* _TASK TO CARRY OUT_
The exercise calls for exact output of the lines between the one that contains "JCB ORIGINAL SERIES" and the end of the data, with both ends kept and pictures left out.
DATA BELOW Start Marker
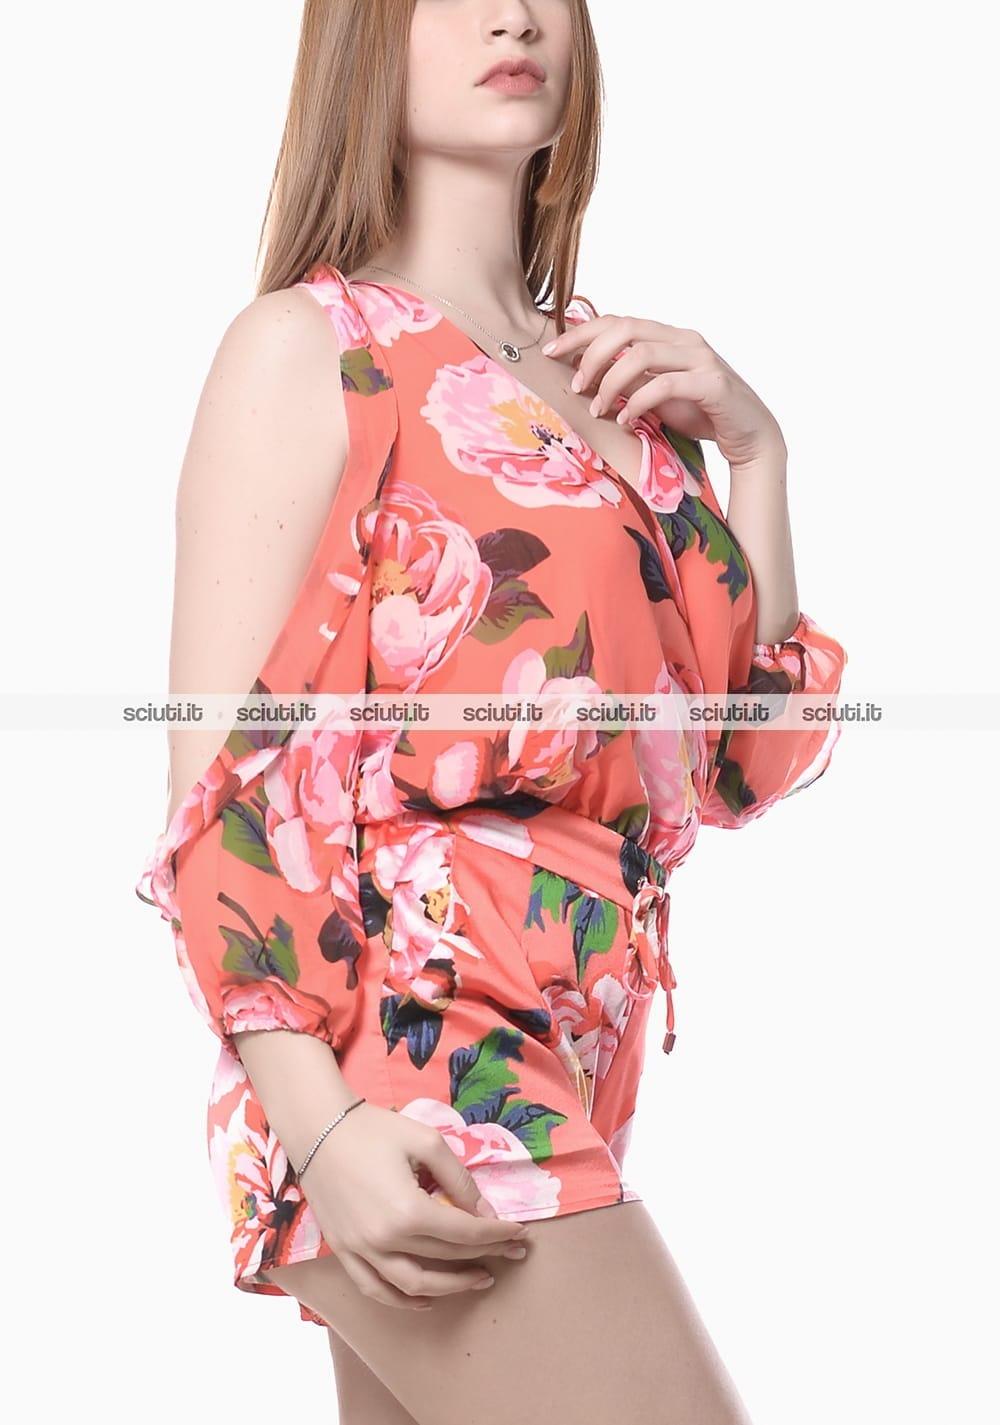 34d1c4c21d Abito tuta Guess Marciano donna fantasia floreale arancione
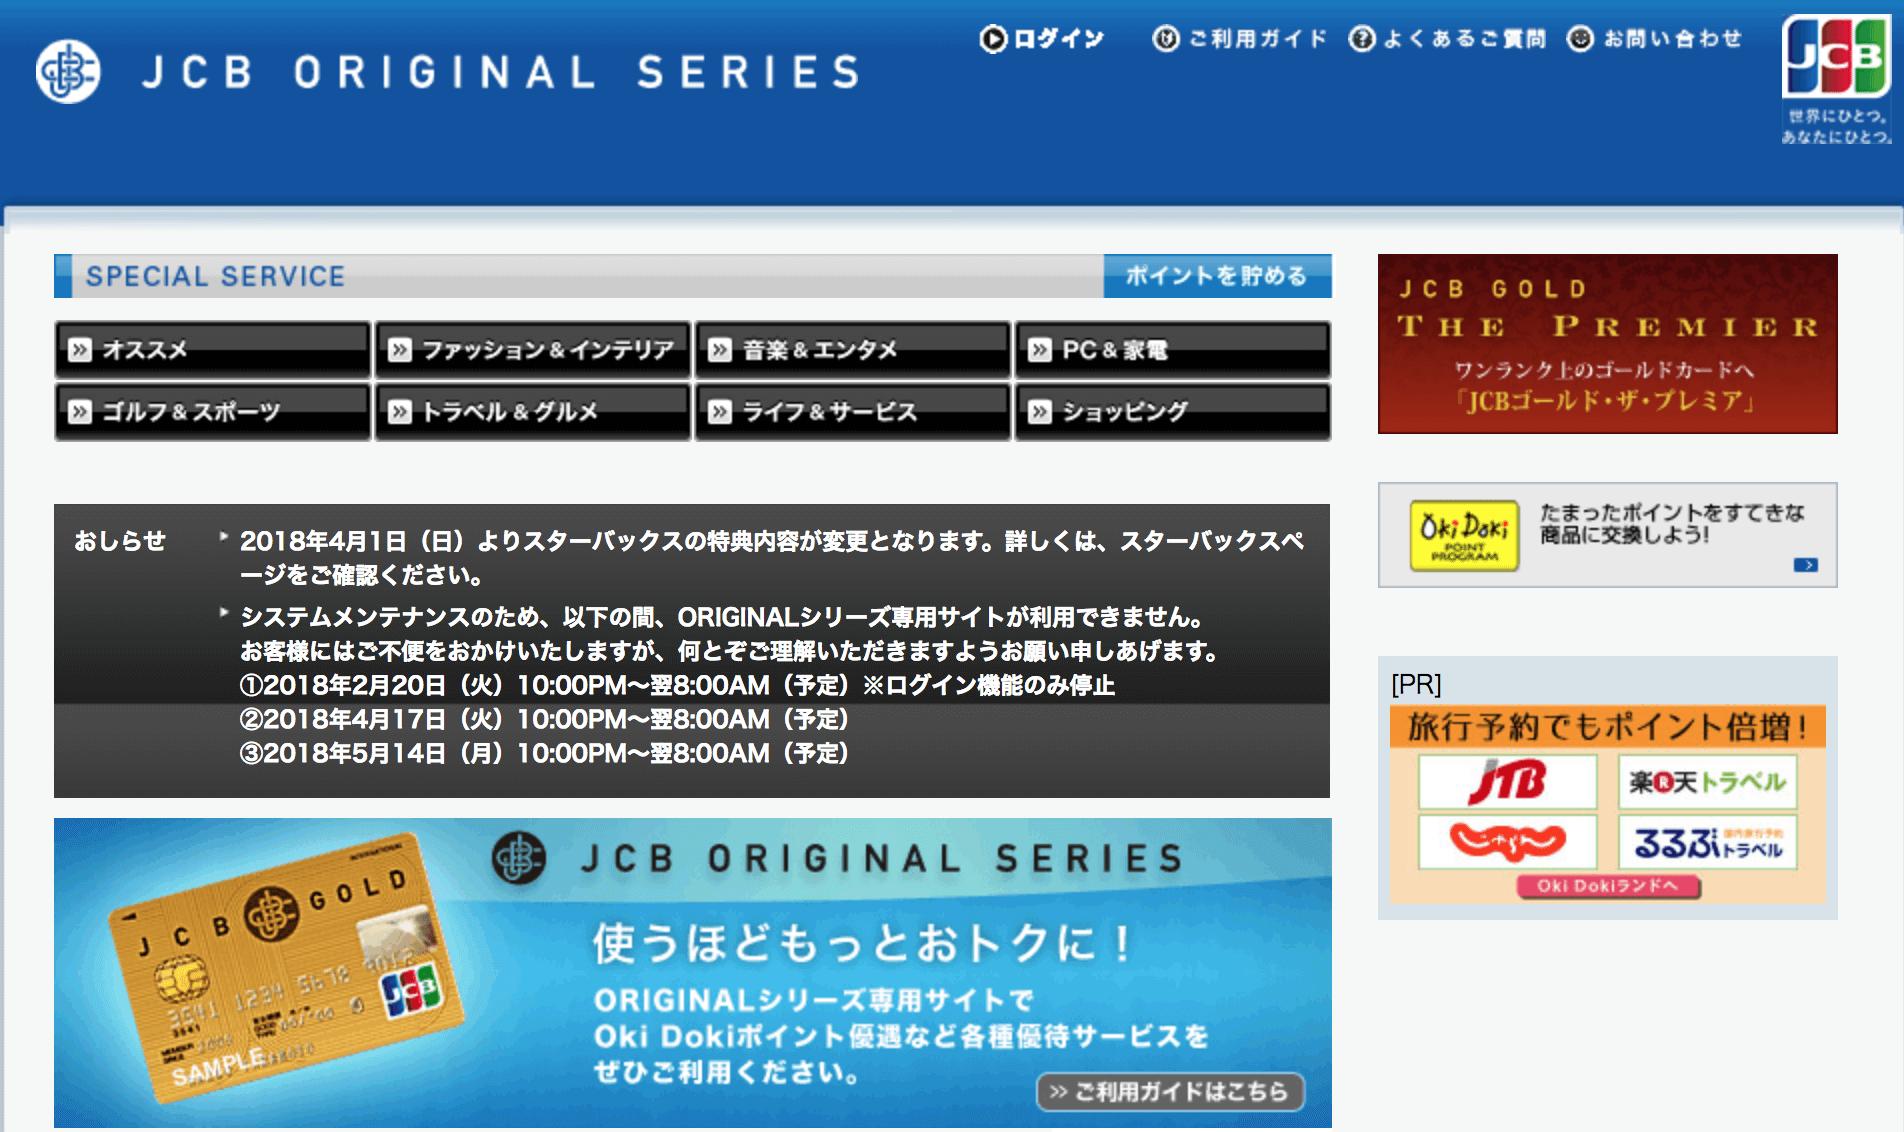 JCB ORIGINAL SERIES
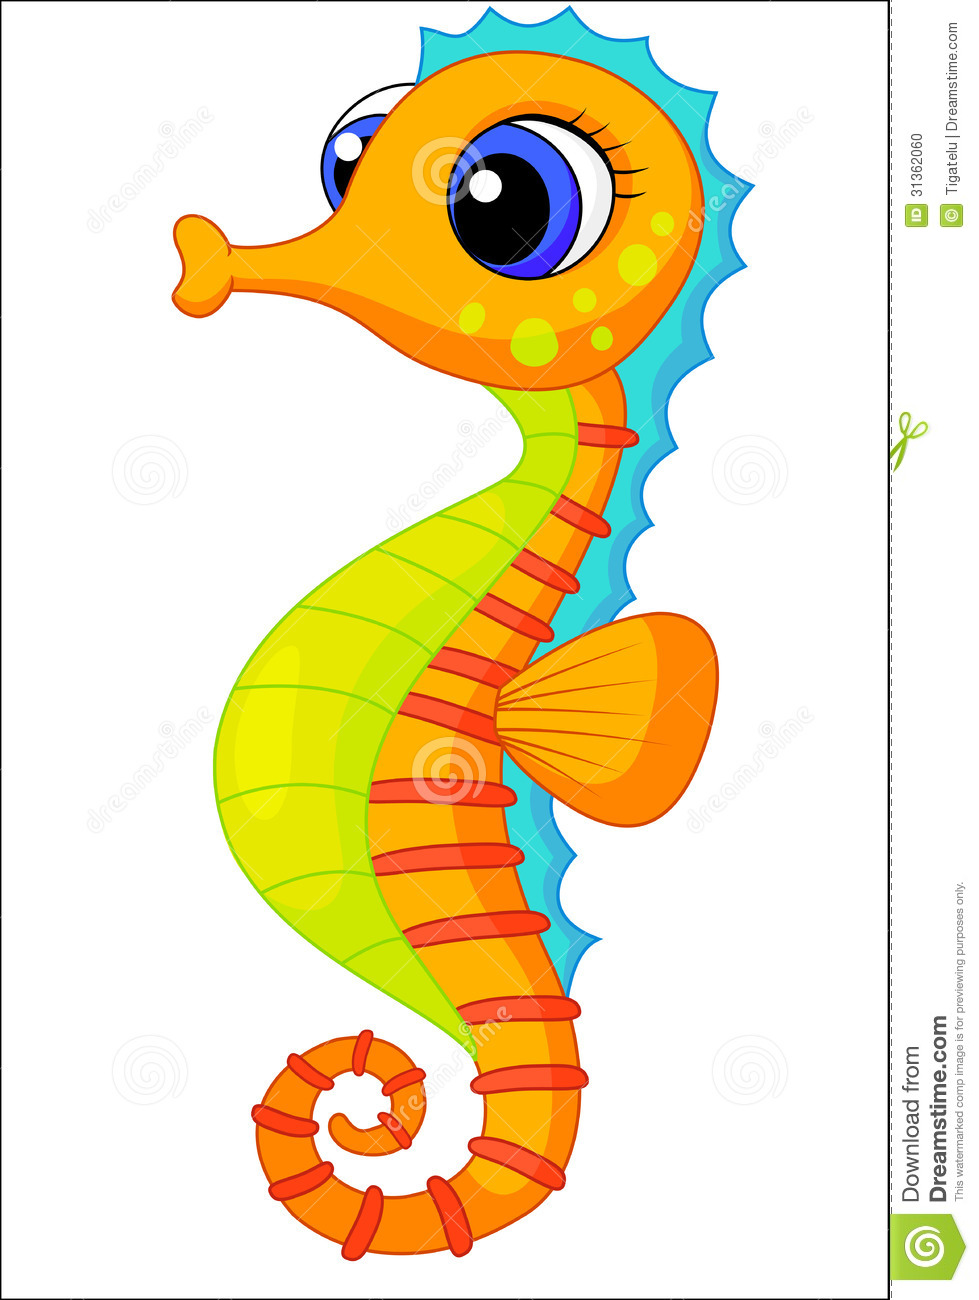 Seahorse clipart Seahorse Clipart Images Clipart Free
DATA BELOW End Marker
* _ANSWER FOR THE TASK_
 JCB ORIGINAL SERIES
 Seahorse clipart Seahorse Clipart Images Clipart Free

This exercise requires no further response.